Additionally, a significant number of people with skin conditions say that it affects their mental health, everyday life and often leaves them feeling embarrassed.

The report said four in five agree that their appearance is important to their general well-being. One in five are unhappy with their skin and appearance in general, with almost all the people surveyed saying they would welcome more research into skin disease.

Matthew Patey, chief executive officer at the British Skin Foundation, says: “It’s clear from the results of our latest survey that skin and appearance play a huge part in our mental health and happiness. Whilst the skin is the body’s largest organ, most people underestimate its importance, dismissing skin issues as simply cosmetic.

“They wouldn’t downplay disease concerning other organs in the body so easily. At the British Skin Foundation, we are working to find cures and treatments for all types of skin disease, including skin cancer. Our survey proves that the public are keen for more research into skin problems, which means we need your support today.”

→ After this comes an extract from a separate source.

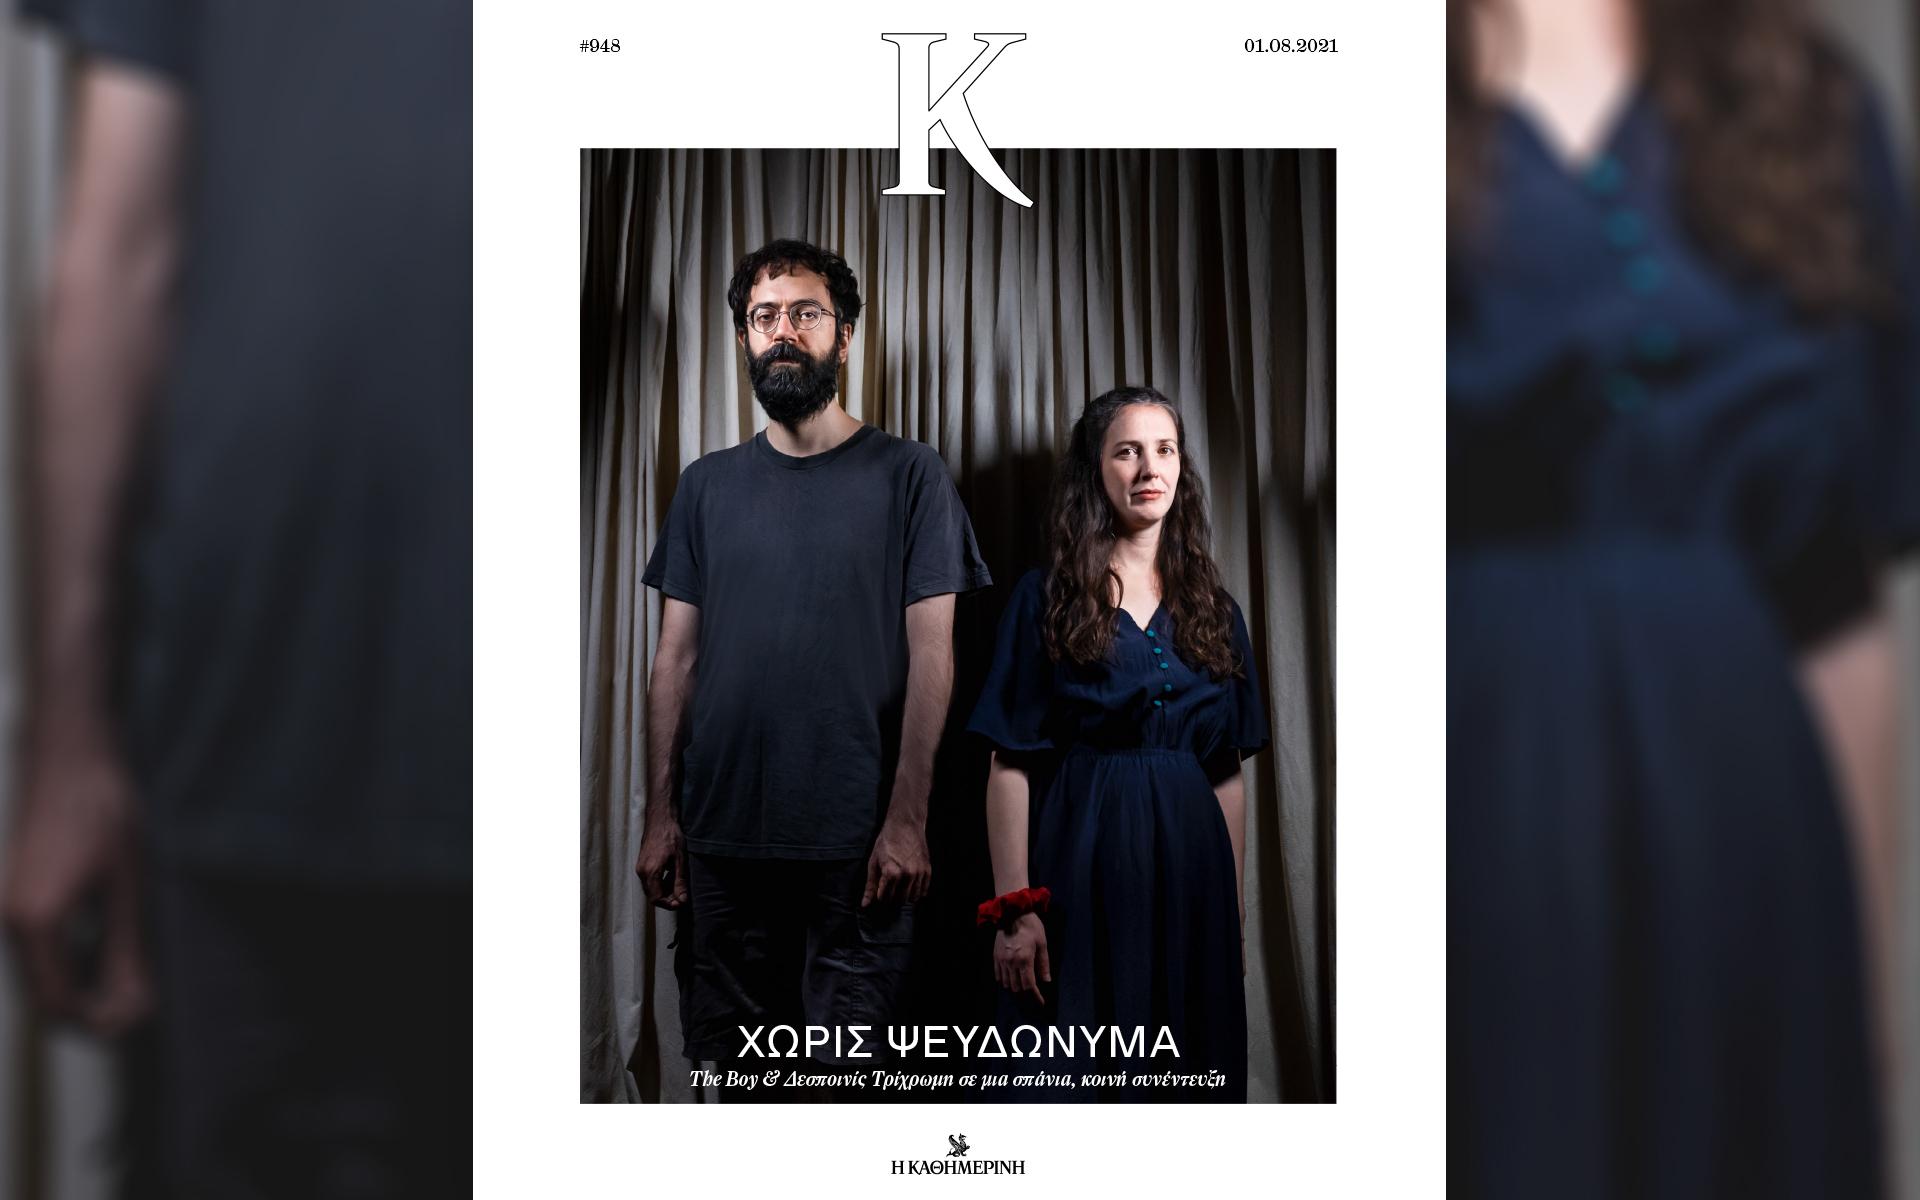 ayti-tin-kyriaki-me-tin-kathimerini-4-trochoi-disney-romano-scarpa-k5

Professor Andrew Thompson, consultant clinical psychologist and British Skin Foundation spokesperson, says: “We know from a multitude of studies conducted by myself and other researchers working in this area, that skin disease is associated with higher risk of experiencing psychological distress. Whilst there may be both complicated physiological and psychosocial reasons why skin conditions are linked to feelings of anxiety and depression, the good news is that psychological treatment can help and consequently it’s important to seek help as soon as symptoms of depression or anxiety are noticed.”

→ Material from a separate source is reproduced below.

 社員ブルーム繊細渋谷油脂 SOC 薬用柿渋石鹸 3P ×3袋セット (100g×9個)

Dr Anjali Mahto, consultant dermatologist and British Skin Foundation spokesperson agrees: “Sadly, I don’t find these statistics a shock or surprise as this data mirrors very much what many of us see in clinic. We can no longer ignore the growing links between the skin and mind; skin conditions are not simply cosmetic or beauty issues and those who are suffering need to be taken seriously. No one should have to feel alone or suffer in silence. Please consider seeking help from your GP or dermatologist if your skin is impacting your ability to live your life on a daily basis.”

The British Skin Foundation has been funding skin research for 25 years to help find cures and treatments for a wide range of conditions. Increasingly, the psychological aspects of skin disease are rightly recognised for being just as important as the physical manifestations.